Read Together: Roll, Slope, Slide: A Book About Ramps #2

  • move
  • nonfiction
  • ramp

MA Standards:

Reading for Informational Text/RI.P.MA.1: With prompting and support, ask and answer questions about an informational text read aloud.
Reading for Informational Text/RI.P.MA.: With prompting and support, “read” illustrations in an informational picture book by describing facts learned from the pictures (e.g., how a seed grows into a plant).
Reading for Informational Text/RI.P.MA.7: With prompting and support, describe important details from an illustration or photograph.
Reading for Informational Text/RI.P.MA.10: Listen actively as an individual and as a member of a group to a variety of age-appropriate informational texts read aloud.

Head Start Outcomes:

Literacy Knowledge/Book Appreciation and Knowledge: Asks and answers questions and makes comments about print materials.

PreK Learning Guidelines:

English Language Arts/Reading and Literature 6: Listen to a wide variety of age appropriate literature read aloud.
English Language Arts/Reading and Literature 10: Engage actively in read-aloud activities by asking questions, offering ideas, predicting or retelling important parts of a story or informational book.
English Language Arts/Reading and Literature 13: Relate themes and information in books to personal experiences.
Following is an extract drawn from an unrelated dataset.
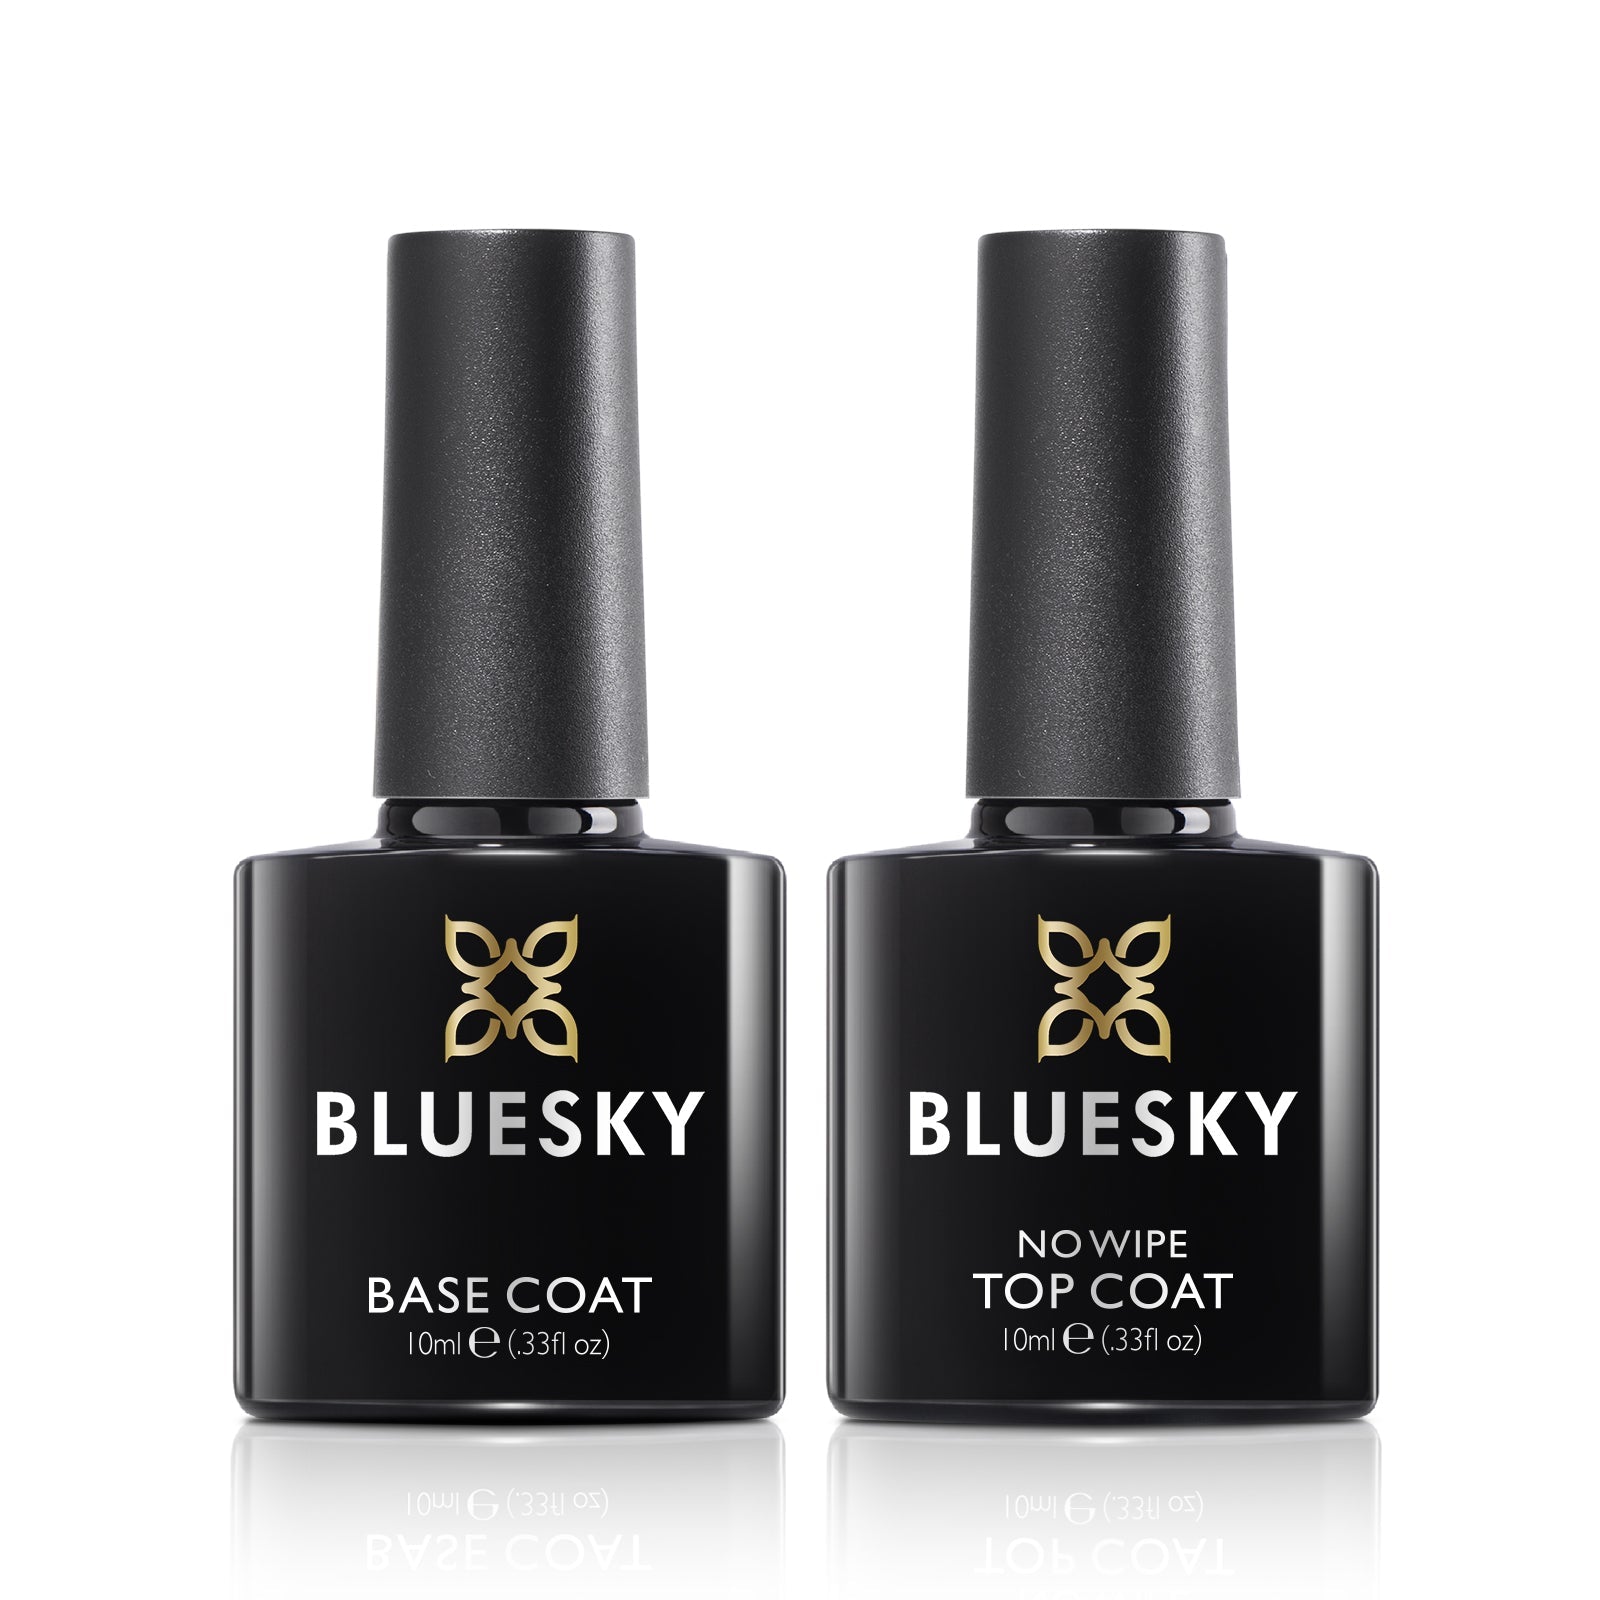 Base Coat and No Wipe Top Coat 2 pcs - BLUESKY

Read Together: Roll, Slope, Slide: A Book About Ramps #2

© Commonwealth of Massachusetts, Department of Early Education and Care (Jennifer Waddell photographer). All rights reserved.

STEM Key Concepts: A ramp, or inclined plane, is a surface with one end higher than the other; Identify tools and simple machines used for a specific purpose, e.g., ramp, wheel, pulley, lever

ELA Focus Skills: Concepts of Print, Comprehension, Parts of a Book, Speaking and Listening, Vocabulary

Before You Read
Show children the cover of Roll, Slope, Slide: A Book About Ramps by Michael Dahl. Have them locate the title and the names of the author and illustrator. Read the words aloud, tracking the words as you do.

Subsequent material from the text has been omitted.